*** RECORDS FOR PROCESSING Section Begins ***
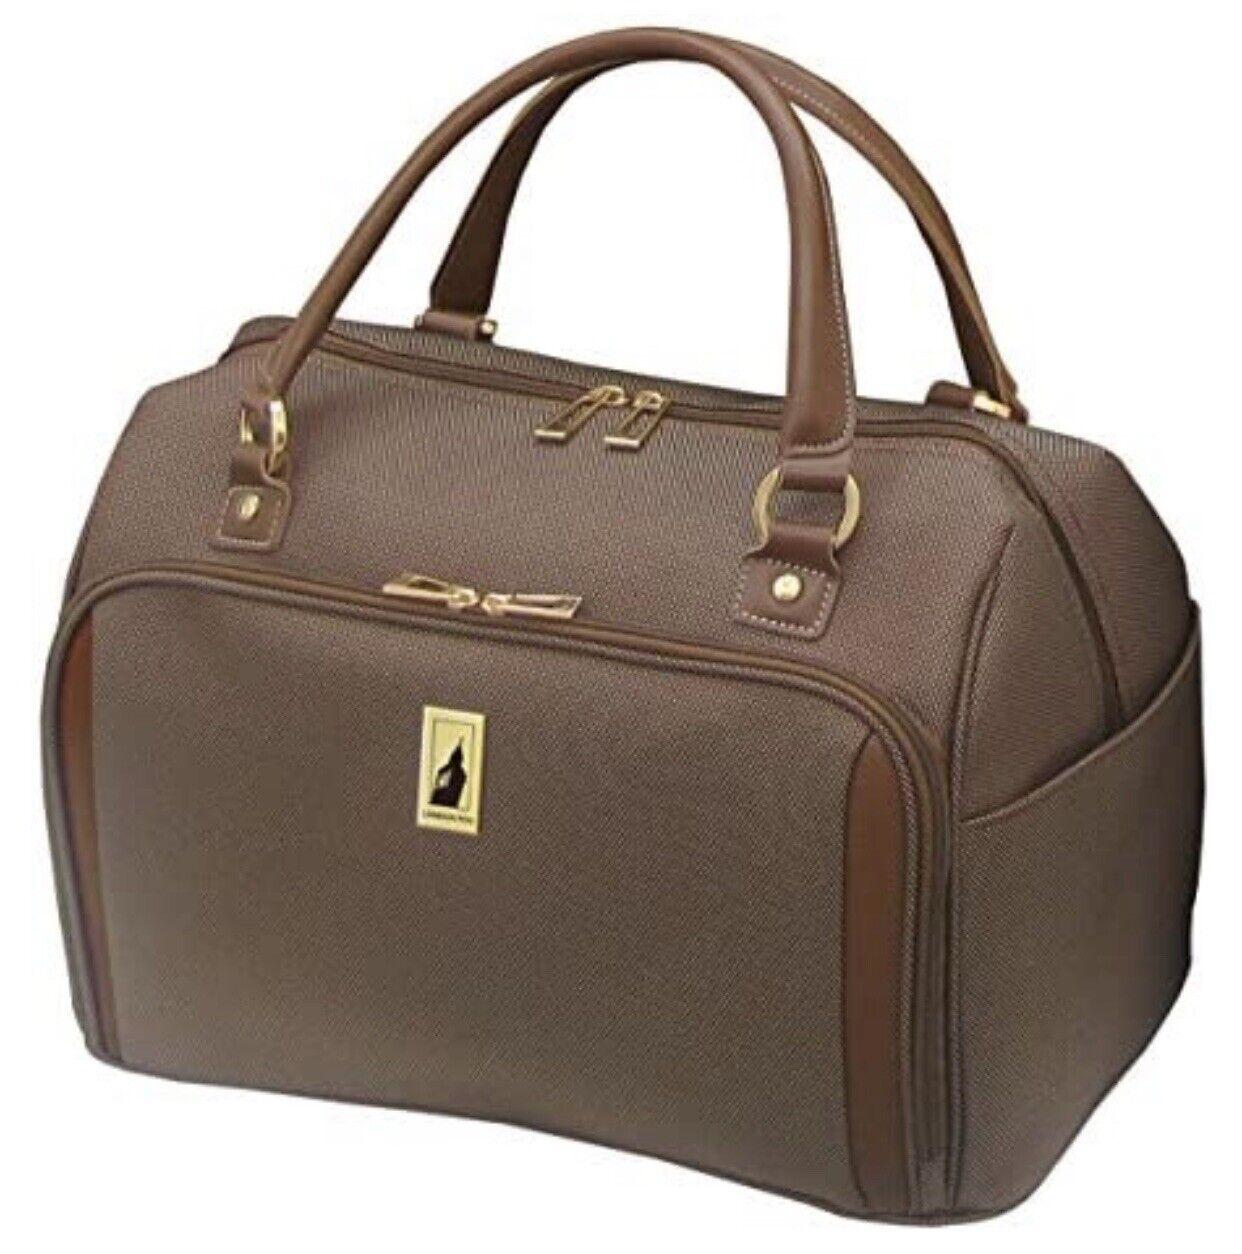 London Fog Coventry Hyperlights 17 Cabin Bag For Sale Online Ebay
*** RECORDS FOR PROCESSING Section Ends ***
*** RECORDS FOR PROCESSING Section Begins ***
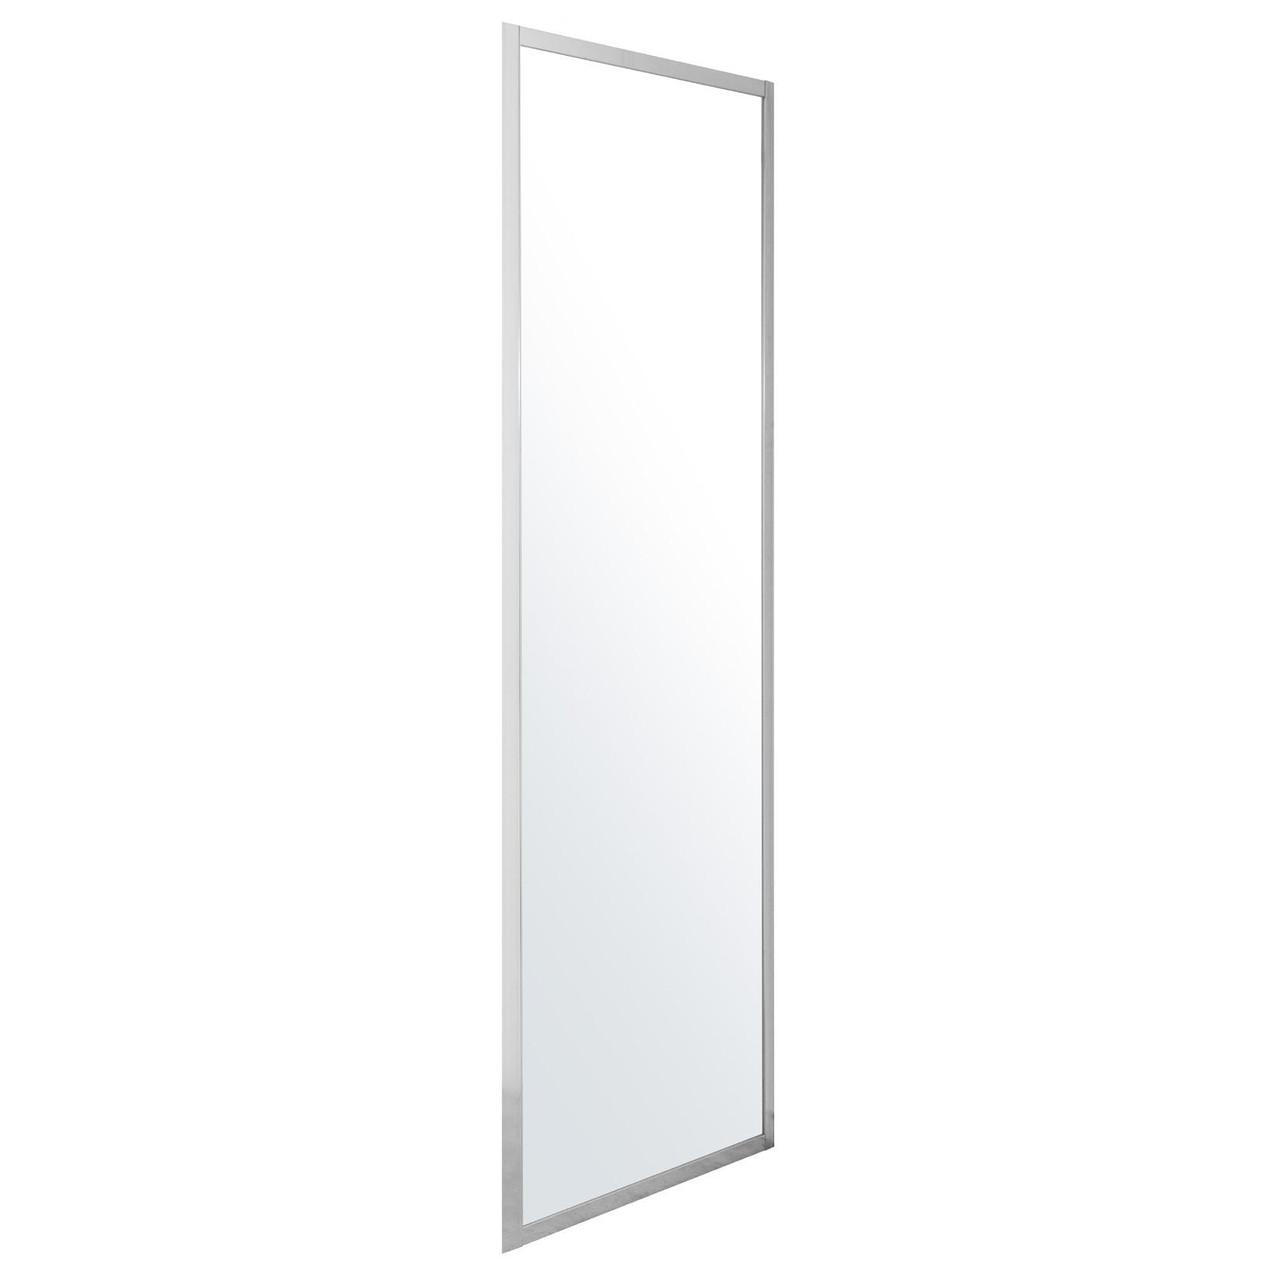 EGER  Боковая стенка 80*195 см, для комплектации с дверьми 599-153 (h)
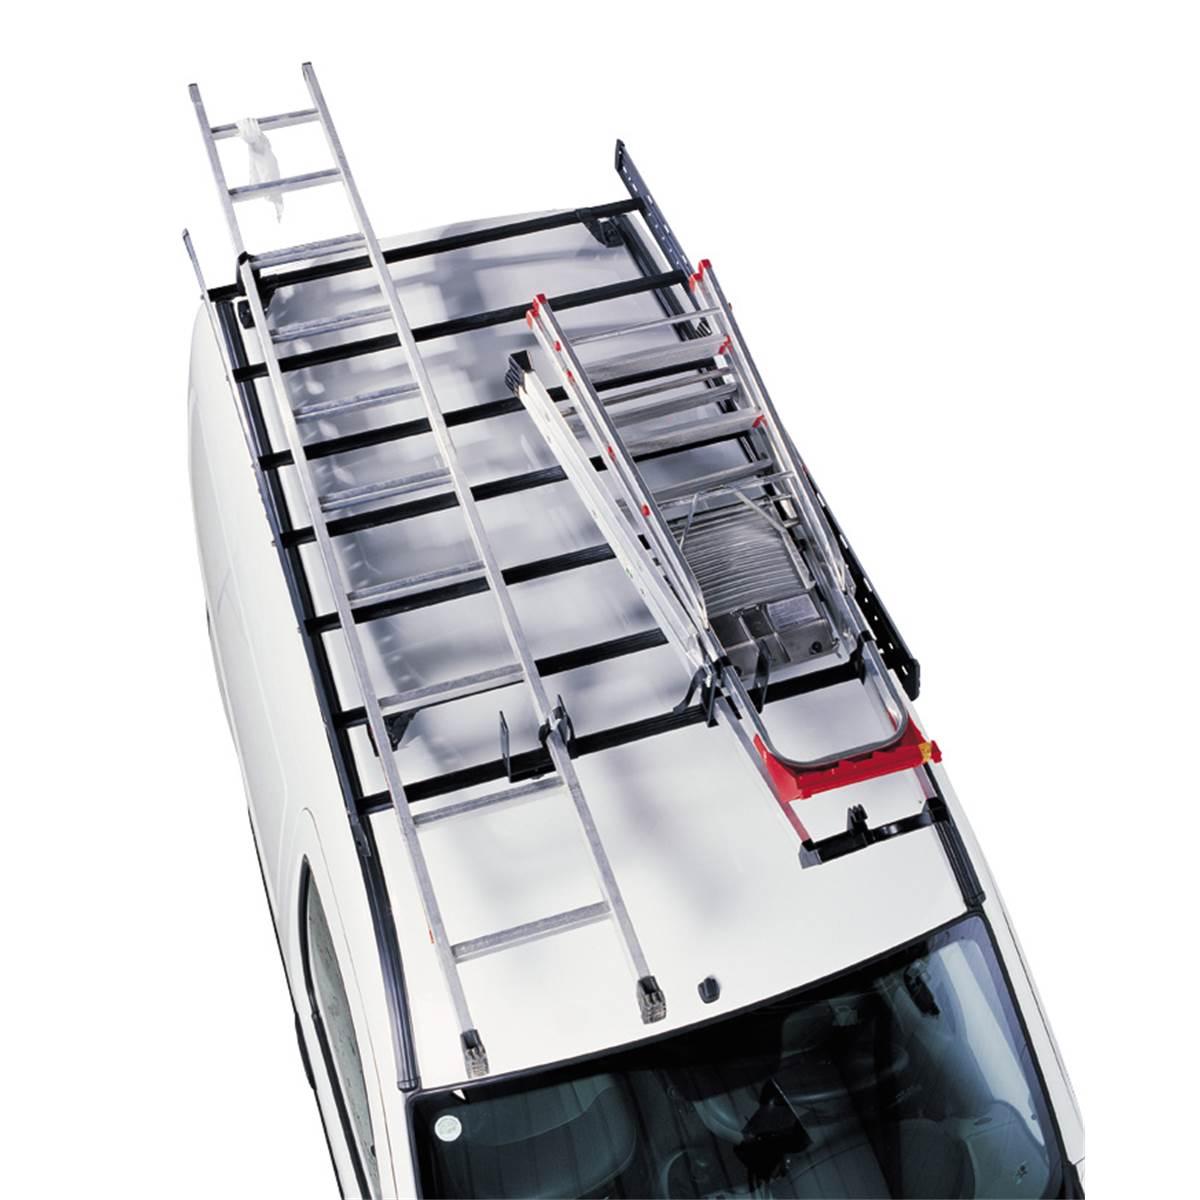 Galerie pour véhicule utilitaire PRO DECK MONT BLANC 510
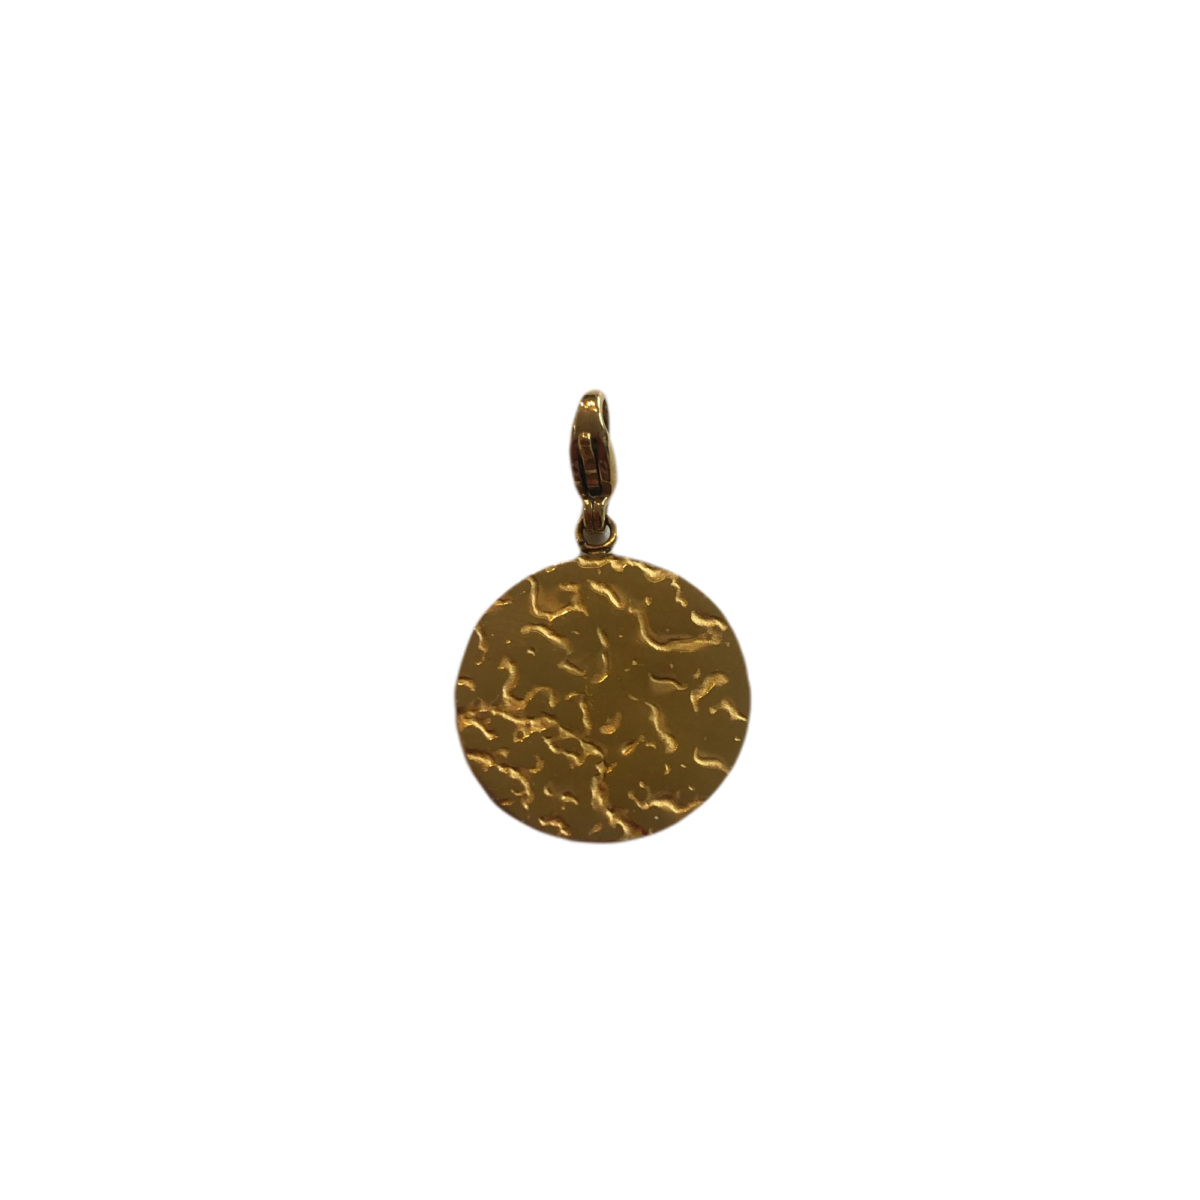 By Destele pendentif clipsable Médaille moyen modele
*** RECORDS FOR PROCESSING Section Ends ***
[REQUIREMENT] In the records above, everything from the line with "дверьми 599-153 (h)" down to the line with "By Destele pendentif" must be duplicated exactly, both lines kept. Leave no pictures in.

[WRITTEN REPLY]
 EGER  Боковая стенка 80*195 см, для комплектации с дверьми 599-153 (h)
 Galerie pour véhicule utilitaire PRO DECK MONT BLANC 510
 By Destele pendentif clipsable Médaille moyen modele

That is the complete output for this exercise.